Я наконец остановился на этом утверждении, поскольку развивать его дальше не хотелось. Силы внезапно покинули меня, навалилась тоска, я улегся на кровать и обхватил голову руками.
Все это бред.
Надуманная теория. Меня увлек и сбил с толку глупый романтизм.
Нужно опомниться, перестать гоняться за нелепыми фантазиями. Но, пока глаза мои странствовали по трещинкам потолка, в голове вновь и вновь проворачивались те же идеи. Истина перемешалась в моей голове с туманными химерами, которые незаметно проложили дорогу в сон, где царили, впрочем, те же образы.
На следующий день я решил побродить по улицам Парижа. У меня не было никакой конкретной цели, но оставаться больше в четырех стенах стало невыносимо. После нескольких часов беспокойного сна я нисколько не чувствовал себя отдохнувшим. Свежий воздух пошел мне на пользу. Я почувствовал, как легкие расправляются и несут жизненные силы вялым мышцам моего тела. Но вот мозг совершенно отказывался пользоваться преимуществами здорового образа жизни. Мысли, чувства и соображения крутились в голове, как карусель. Я вглядывался в лица прохожих и чувствовал, что читаю в их взглядах и выражениях, понимаю их заботы и тревоги, и это ощущение было новым для меня. Прежде мои прогулки лишь укрепляли меня в сознании моей необычности, непохожести на других, и я чувствовал себя в толпе еще более одиноким. Ритм движения прохожих, их речи и взгляды не имели ко мне отношения, я чувствовал себя словно корабль, затерянный в чужом и бурном море.
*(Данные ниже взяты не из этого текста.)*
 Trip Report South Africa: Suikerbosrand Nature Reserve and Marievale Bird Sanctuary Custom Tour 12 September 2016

Я словно заново открывался миру, и он, казалось, был готов принять меня. Сразу захотелось пересмотреть все давешние события в свете моего неожиданного энтузиазма, я попытался подстроить бег мыслей под ритм шагов, чтобы навести в них какой-то порядок. Но это мне не удалось, пришлось плыть по воле волн, отдавшись детскому восторгу, рожденному пустыми мечтаниями во время бесцельной прогулки.
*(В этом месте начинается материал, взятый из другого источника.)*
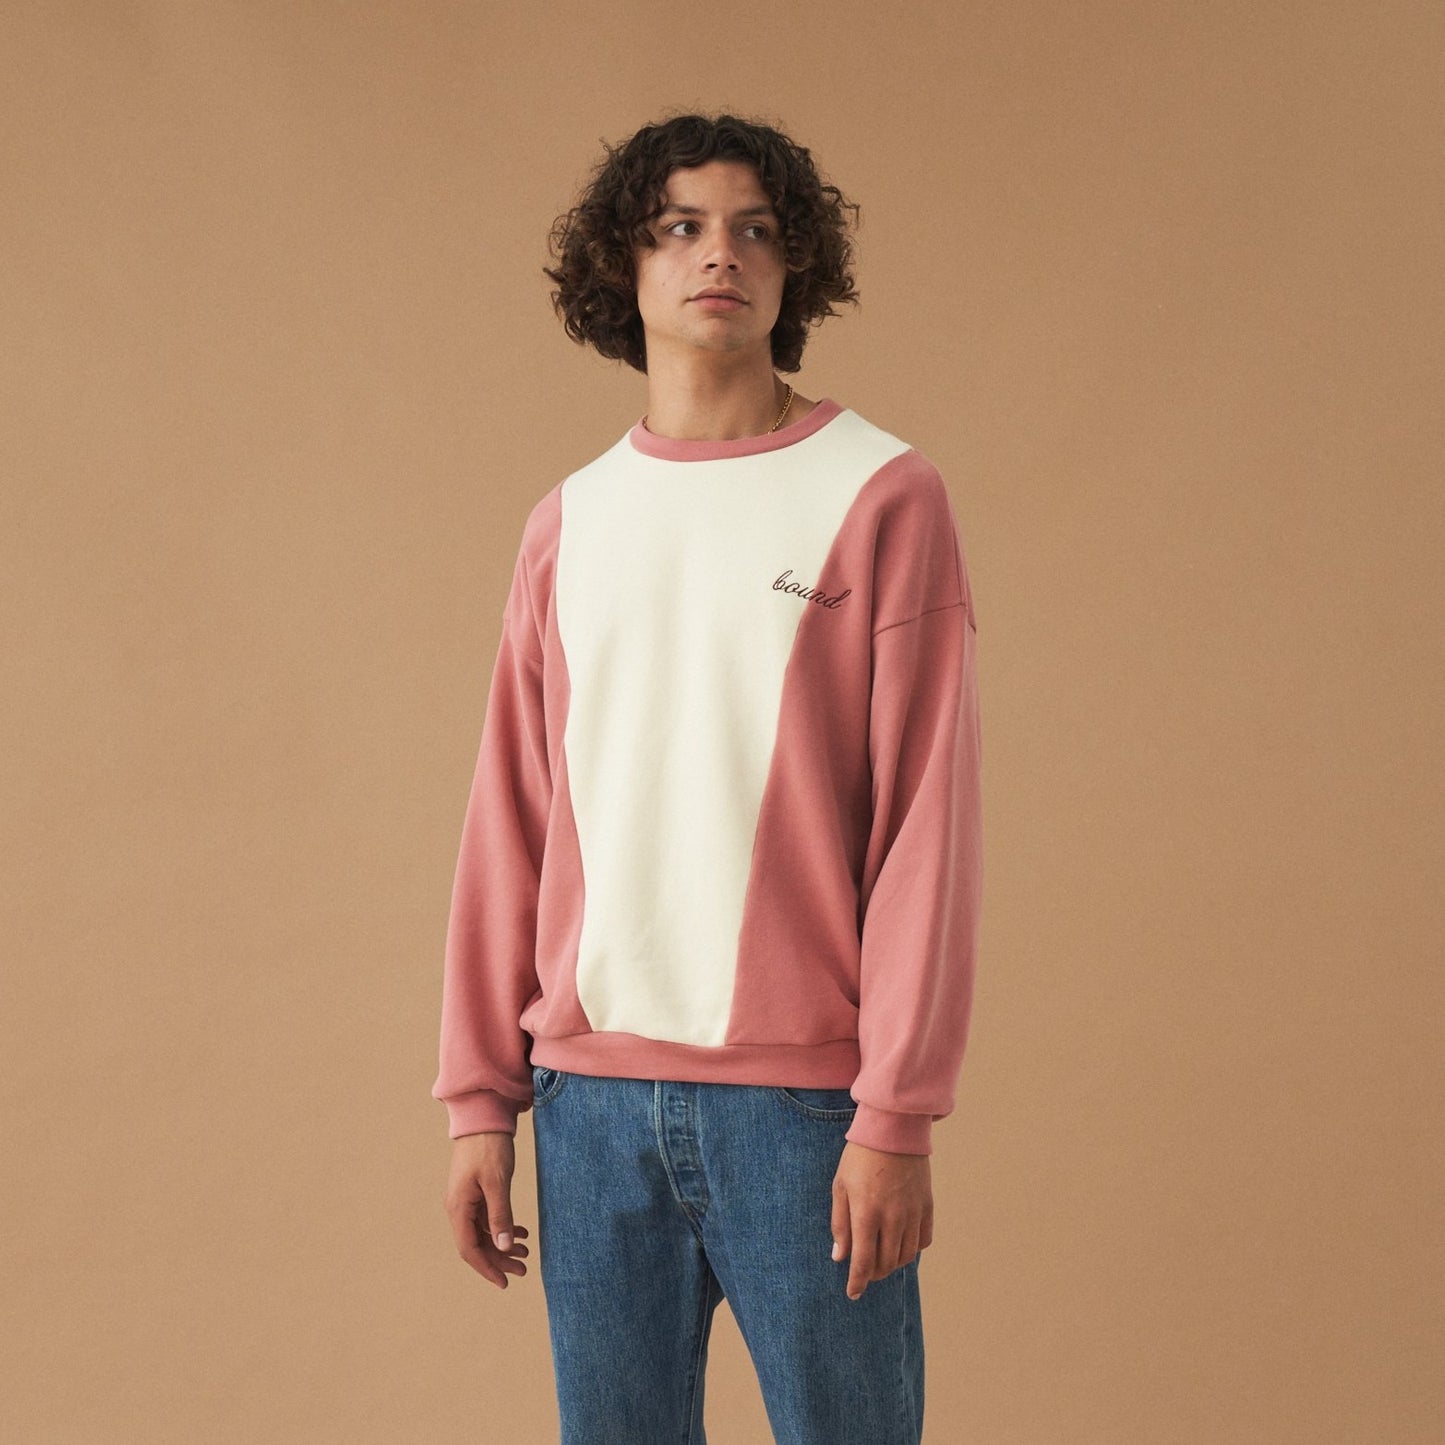 bound 'Berry Crème' Panel Sweater

ЛИОРЯ открыла для себя магазин «Книжный дом» через два месяца после того, как началось наше с Сереной общение. Мне больше нечего было рассказать о своей жизни, и все лучшее из ее библиотеки мы уже перечитали. Я начала бояться, что душевная общность, возникшая между нами, увянет от отсутствия свежей информации извне, воображаемых миров, в которых мы могли бы развернуться. Серена, видимо, почувствовала мои опасения, поэтому как-то раз взяла стилус и написала:
Магазин «Книжный дом» на улице Фуркруа.
— Ты хочешь, чтобы я пошла в этот магазин за новыми книгами для нас?
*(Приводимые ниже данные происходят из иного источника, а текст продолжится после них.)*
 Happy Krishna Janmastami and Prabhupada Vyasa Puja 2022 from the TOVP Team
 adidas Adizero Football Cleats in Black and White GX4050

Она опустила ресницы, что означало «да». Мне захотелось спросить ее, почему ей нужен именно этот книжный, а не какой-нибудь другой, но я сдержала свое любопытство, чтобы она не тратила силы на написание ответа. Я отправилась туда тотчас же — это было утро вторника. К Серене как раз пришел врач, и я была не нужна. Я обычно вкратце рассказывала ему о состоянии его пациентки, после чего он тактично выдворял меня, чтобы провести кое-какие обследования, которые, по моему ощущению, были совершенно излишни. Усталая безнадежность его движений, которую он тщетно пытался скрыть, и понимающие взгляды, которыми они обменивались с Сереной, убеждали меня, что никто здесь глупостью не отличается, все понимают, что к чему, но при этом каждый играет свою роль, чтобы угодить другому. Врач хочет доставить удовольствие своему другу Роберто Лучиани, который желает убедить Серену, что не все еще потеряно, а Серена хочет показать отцу, что его уловки работают.
Я в этом ритуальном танце взаимных уступок оказывалась совершенно лишней и потому могла отлучиться за покупками.
Когда я подошла к книжному, меня охватило ощущение чуда. Место показалось мне замечательным, окутанным волшебством.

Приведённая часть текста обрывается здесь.